- District courts need only determine whether plaintiffs' evidence proves that a common question is capable of class-wide resolution.
- There is no per se rule preventing certification of a class that includes more than a de minimis number of uninjured class members.
In Olean Wholesale Grocery Co-op Inc v. Bumble Foods LLC, No. 19-56514 Dkt. No. 186-1 (9th Cir. Apr. 8, 2022), an en banc Ninth Circuit panel overturned a previous Ninth Circuit decision in this litigation, finding that the district court did not abuse its discretion in certifying three classes of purchasers in their price fixing case against the three largest American producers of packaged tuna.

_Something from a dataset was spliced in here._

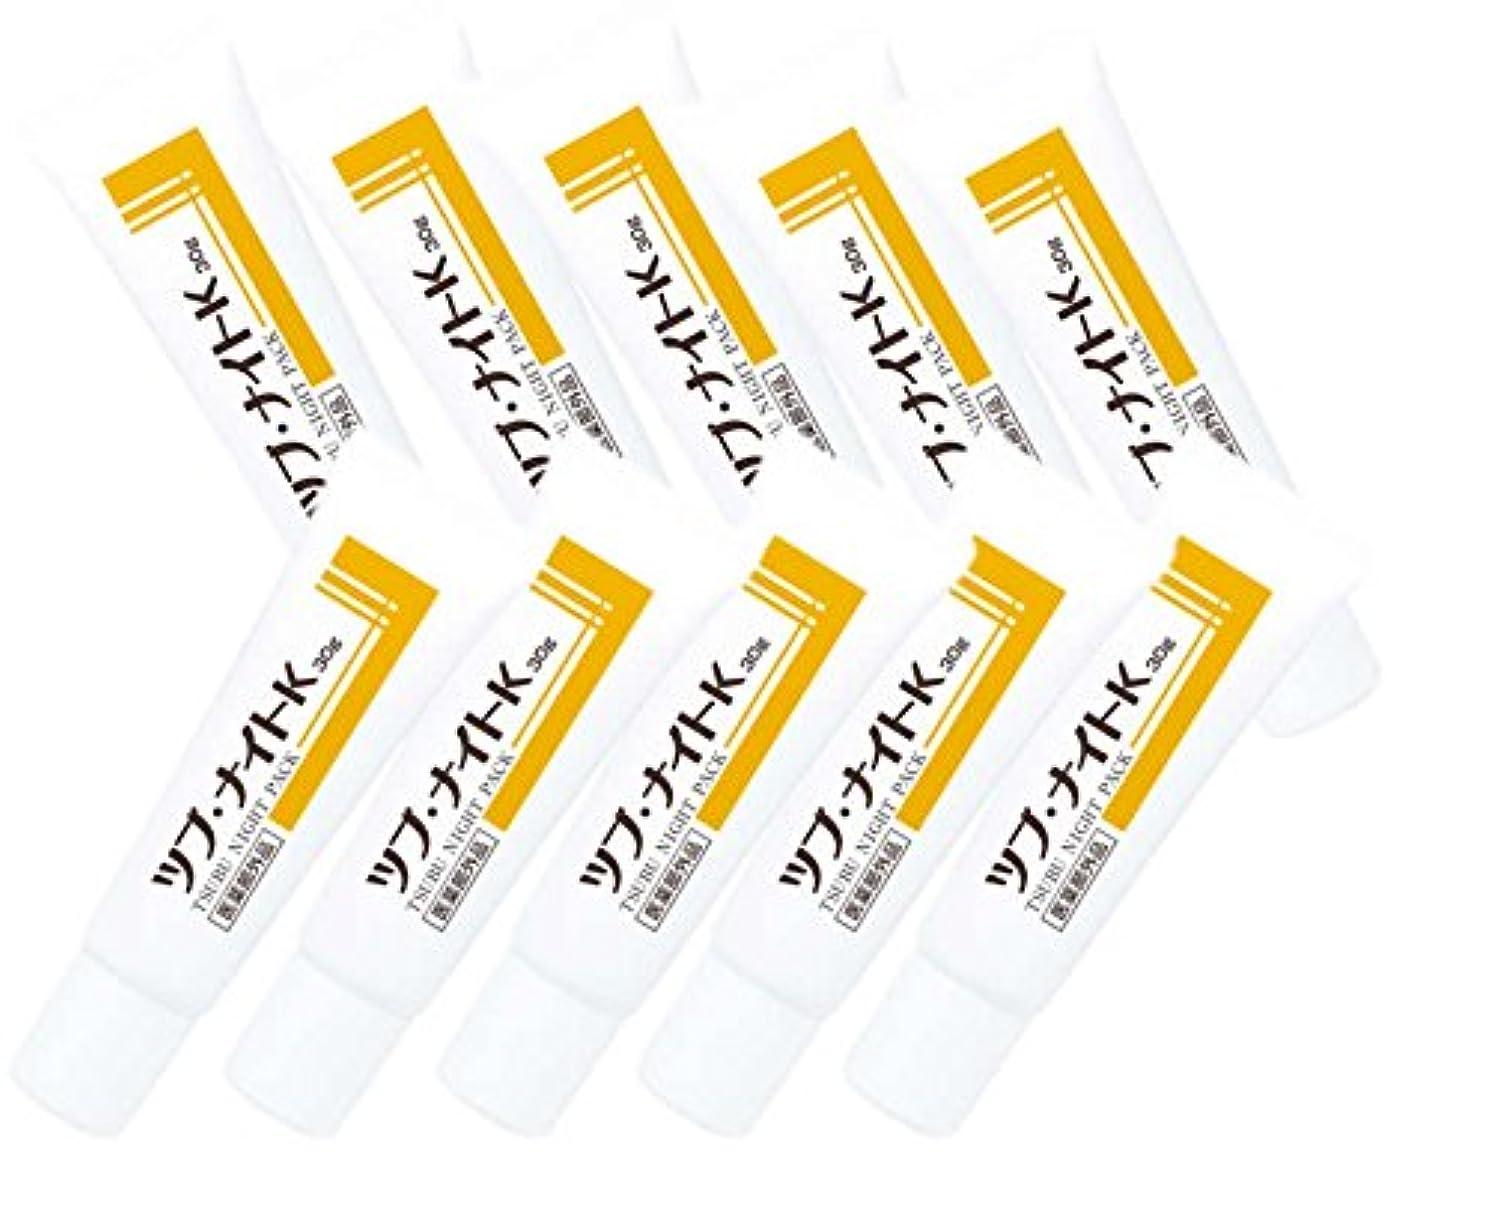 内陸ファウル気まぐれな薬用ツブ・ナイトK 30g 10個セット 医薬部外品
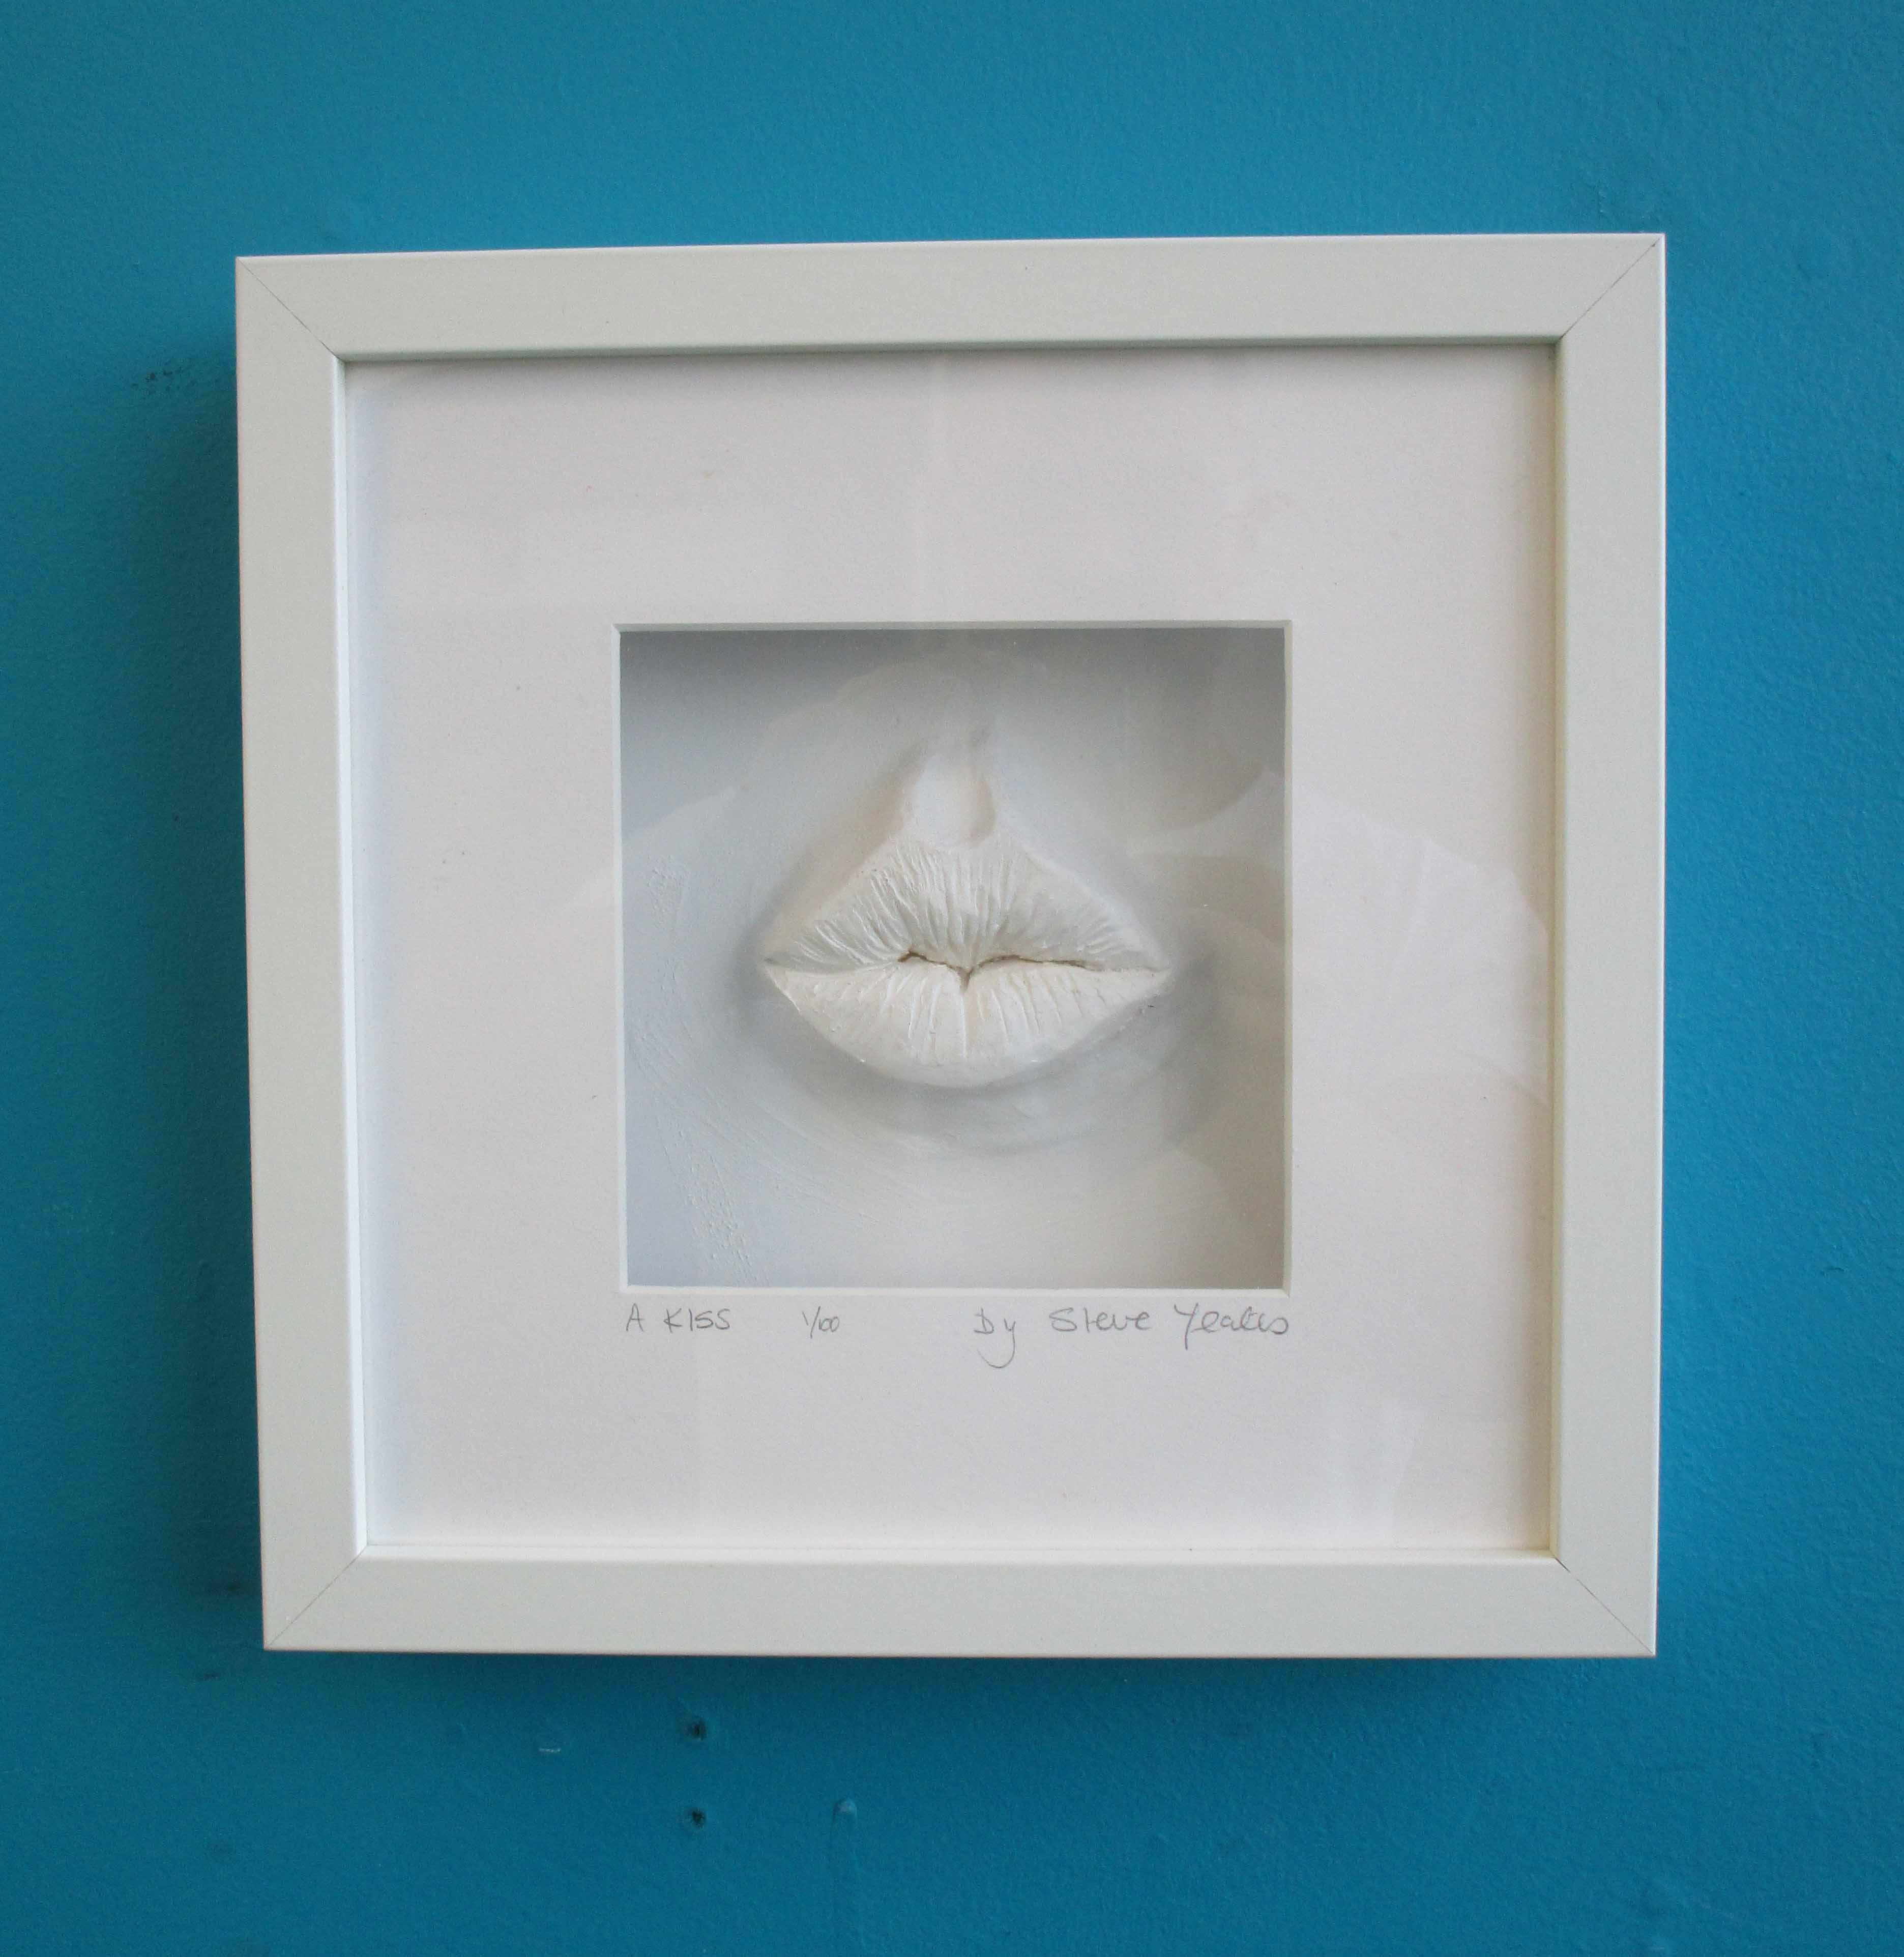 A Kiss (sunken)

The key takeaway from the ruling pertains to the level of evidence needed for the district court to find that the Rule 23 common question requirement has been satisfied. Writing for the majority, Circuit Judge Sandra Ikuta held that "a district court is limited to resolving whether the evidence establishes that a common question is capable of class-wide resolution, not whether the evidence in fact establishes that Plaintiffs would win at trial." Opinion at 26. Further, "a district court cannot decline certification merely because it considers plaintiffs' evidence relating to the common question to be unpersuasive and unlikely to succeed in carrying the plaintiffs' burden of proof [at trial]." Opinion at 28.
The 8-2 majority decision comes despite the district court failing to resolve conflicting expert testimony offered by defendants, including statistical analyses that purported to show that 28 percent of the class did not suffer injury, thereby rejecting a per se rule suggested by the prior Ninth Circuit panel that "Rule 23 does not permit the certification of a class that potentially includes more than a de minimis number of uninjured class members." Opinion at 30-31.
In his dissent, Circuit Judge Kenneth Lee cautioned that the common question issue must be resolved at the class certification stage, rather than being "punted" to trial. He emphasized his concern with the practical implications of the majority's holding and its failure to consider the district court's role as gatekeeper, writing that the district court "held it would leave the issue [of a common question] for another day at trial . . . that day will likely never come to pass because class action cases almost always settle once a court certifies a class." Opinion at 65.
The story is not likely to end here - given the split between circuits and within the Ninth Circuit, the decision seems ripe for a petition for certiorari with the Supreme Court.